For anyone new to this conversation, Izzy was diagnosed 2 months shy of her 4th birthday with Neurofibromatosis Type 2 (NF2).
NF2 is very rare, affecting less than 4000 people (less than 400 children) in the US. Also, Izzy is very private and understands that some non-family adults know about her surgery so that they can pray for her, but would be truly devastated if any of her classmates knew she was having surgery. We have always promised to keep this on her terms, so please honor this wish of hers:)
50% of patients inherit it from their parents and 50% are spontaneous genetic mutations.
Most people are asymptomatic until their 20s.
NF2 is a disease in which you have a defect in your DNA that prevents you from making a gene that stops cell growth in nerve
cells (kind of like cancer).
This results in the development over time of multiple, BENIGN tumors throughout the body called schwannomas.
People with NF2 develop multiple other brain tumors called meningiomas and ependymomas.
The hallmark of the disease is the development of schwannomas on both of the vestibular nerves.
These nerves are associated with hearing and balance, so nearly 100% of people with NF2 become deaf, most in their 20s or 30s.
The natural progression of NF2 is that these tumors continue to grow and lead to complete hearing loss and facial paralysis.
Thankfully, we have known about her diagnosis at a point early enough to try to intervene - most people don't find out they have NF2 until it's too late and either they are already deaf or the tumor is too big to save hearing.
Her tumors remain very small (less than 1 cm on each side), but they have progressively gotten a tiny bit bigger every year.
No one knows the best time to resect them, but if they get bigger than 1.5 cm then the odds of saving hearing and preventing facial paralysis go down significantly.
If there is a chance to save Izzy's hearing, then we need to intervene on the tumors involving her hearing nerves before we miss our window to remove them safely.
We've been monitoring these tumors closely and unfortunately the time to try to resect them has arrived.
After 3 unsuccessful attempts to have the surgery done in LA (first Izzy developed pneumonia, then the hospital was bought out and the new owners decided not to allow pediatric surgery, and then rescheduled at UCLA children's only to have the surgeon's credentials lapse because they had been operating primarily at the old hospital) we decided that God was trying to tell us to stay home near family and friends.
The surgery will take place in at St. Louis Children's on Monday June 26 at 7:30am, and is for all intensive purposes, a "brain" surgery with all the additional risks involved with that. She will have a large incision over her ear and they will have to temporarily remove part of her skull.
The surgery typically lasts 5-6 hours and incudes a team of neurosurgeons and ENT surgeons.

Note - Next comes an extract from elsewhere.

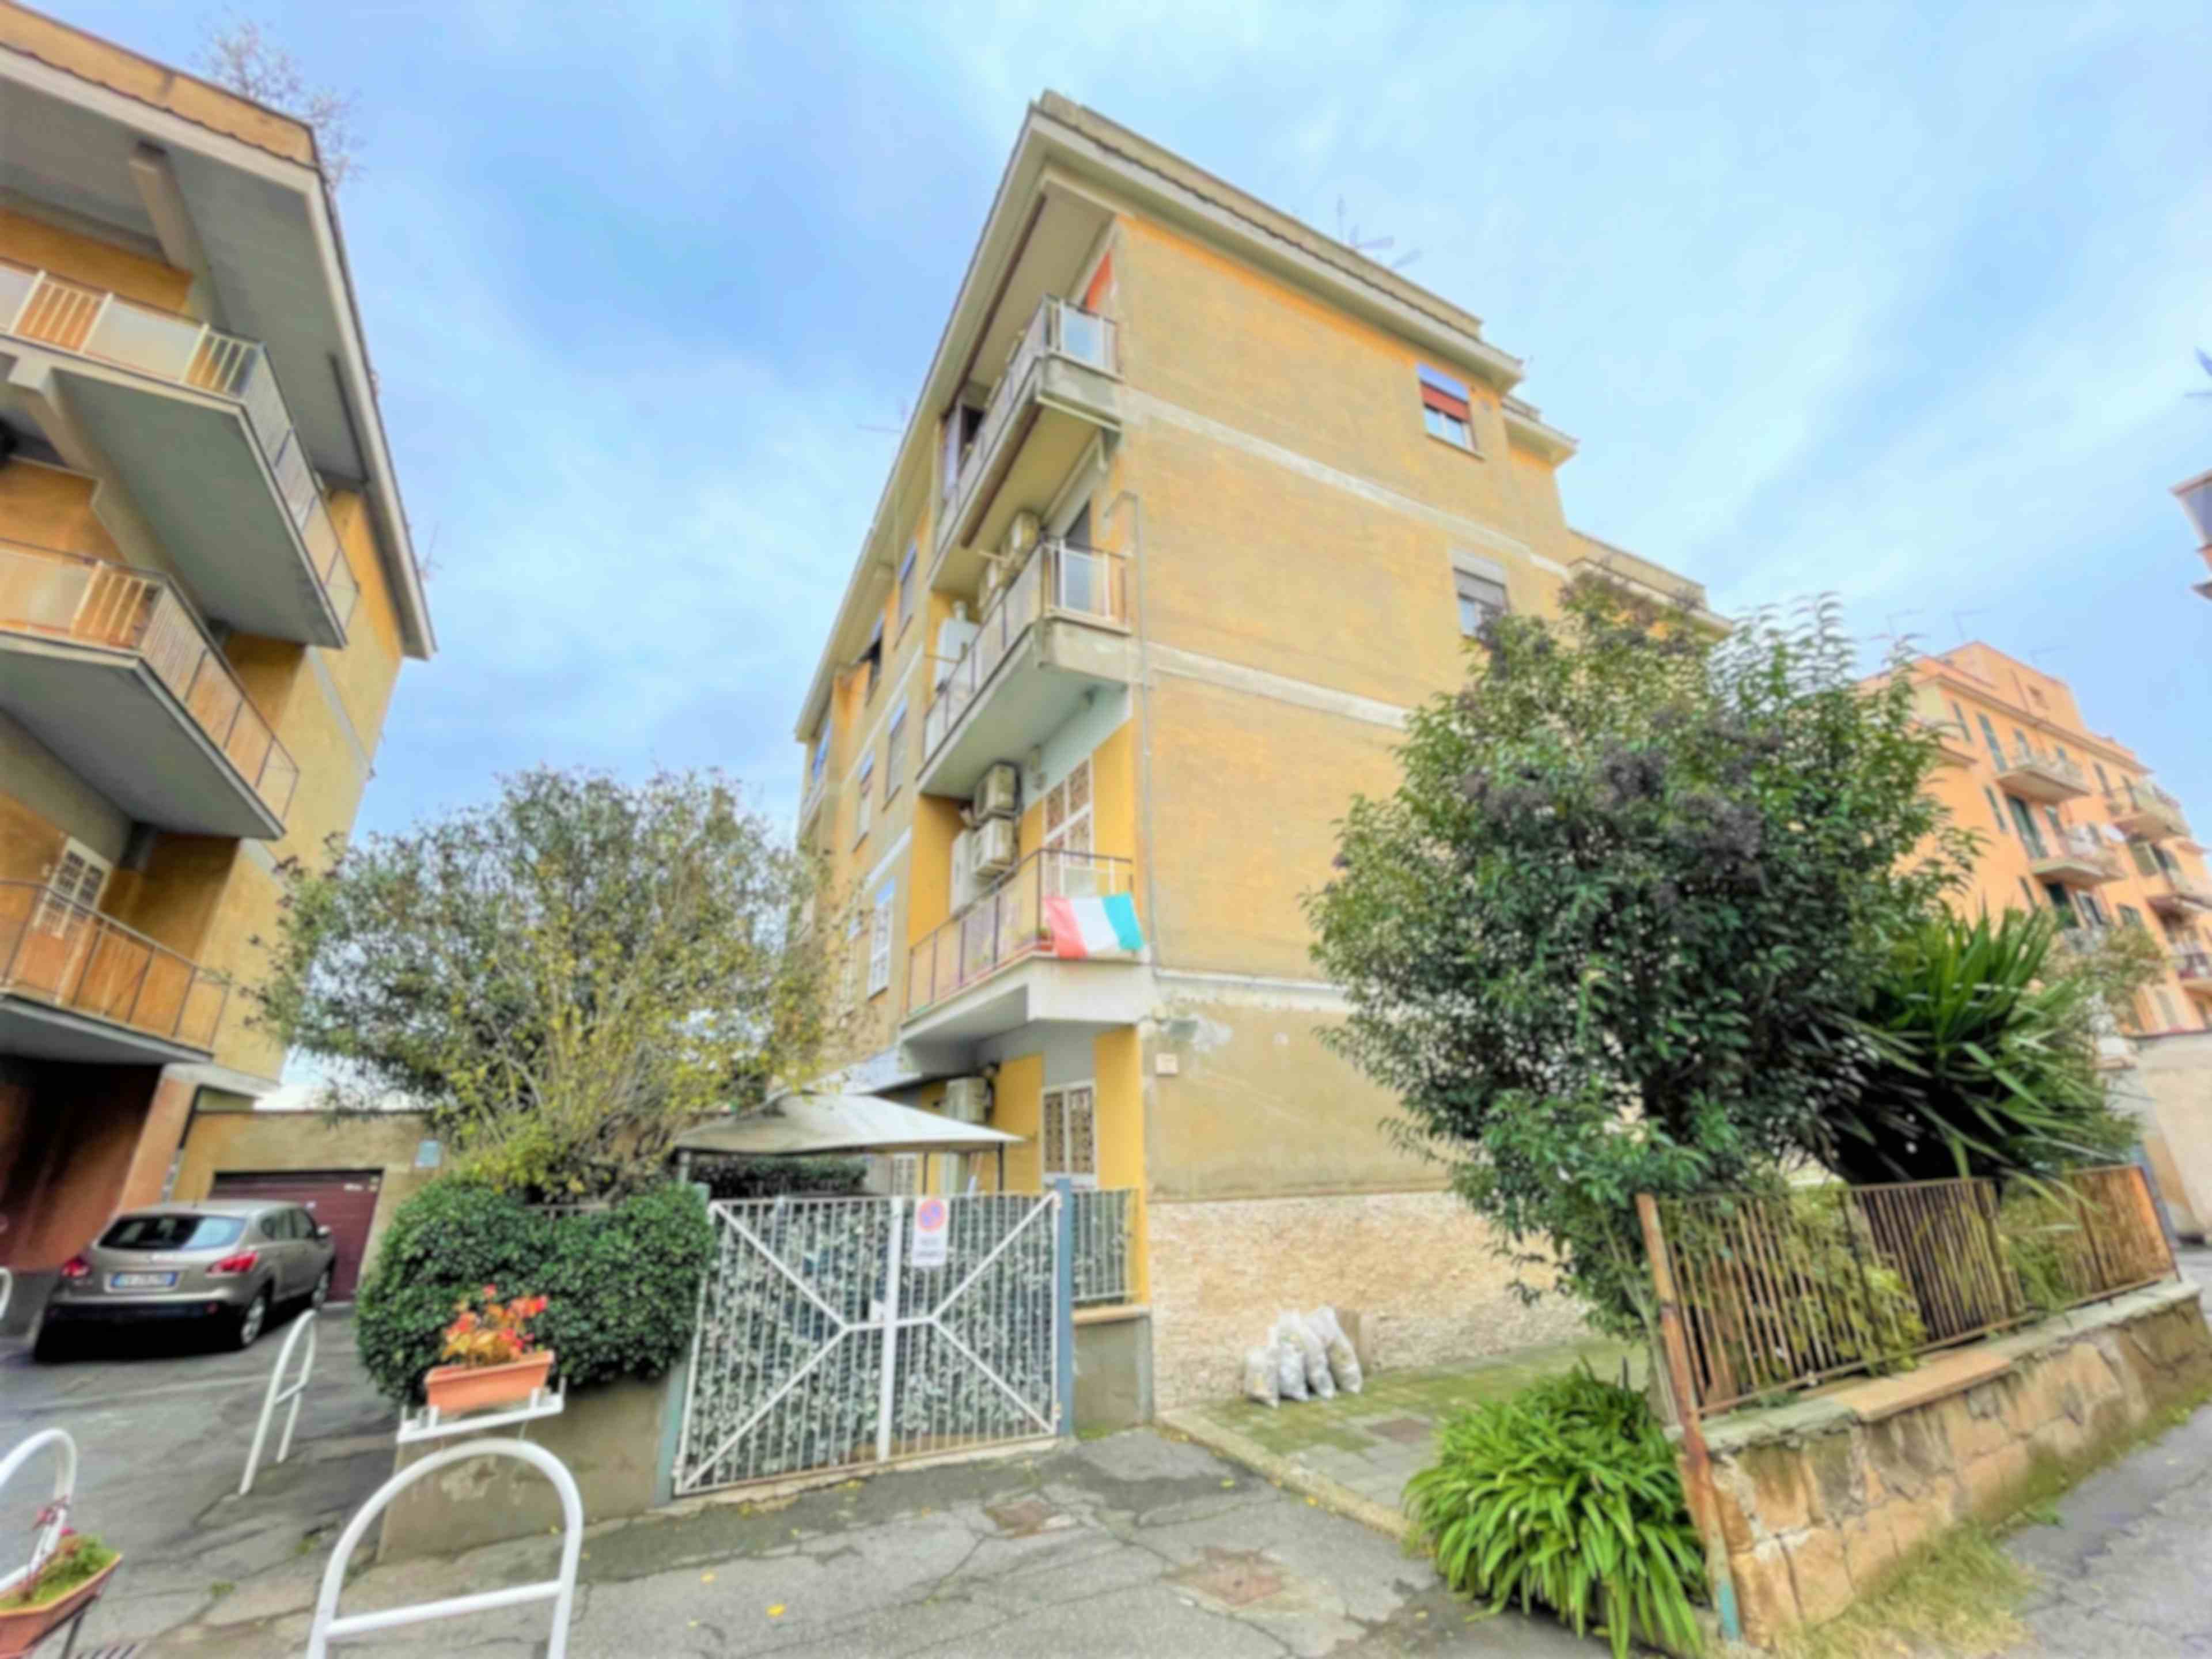 Three-bedroom Apartment of 120m² in Via degli Armenti

If all goes well she will spend 2-3 days in the ICU and at least 3 days on the floor before being released from the hospital.
Right now her hearing is as perfect as it can be; however, there is a 50/50 risk of at least partial hearing loss and a 30% risk of complete deafness from a perfect surgery - odds which are hard to stomach.
Knowing that she could lose another day, or year, or years, of normal hearing just by intervening and trying to save hearing in the future is tough to swallow.
However, if we do nothing, her risk of deafness is 100% and she risks developing facial paralysis.
If Izzy wakes up without hearing in her ear, she will likely receive a cochlear implant at a later date.
If her hearing is ok after surgery, then she will need the same surgery on the other side at a later date.
For those of you wanting to read an article on NF2, we have attached an article written by her surgeon that may answer any questions.
Also there are a couple of decent websites -www.advocurenf2.org (http://www.advocurenf2.org/
A particularly nice blog called run4leah chronicles a teenage girl diagnosed with NF2 at 8 years of age and can be found at (http://leahmanth.typepad.com/
We are overwhelmed with the love and support we receive from each of you everyday.
You help give us the strength to battle this disease, the shoulders to cry on, the hugs to squeeze away the pain, beer and wine to get through the tough times, and the hope we need to help Izzy (and Claire and Jane) enjoy life, despite this devastating diagnosis.
Words will never be able to express how much you all mean to us.
Thank you from the bottom of our hearts for all of your love and support.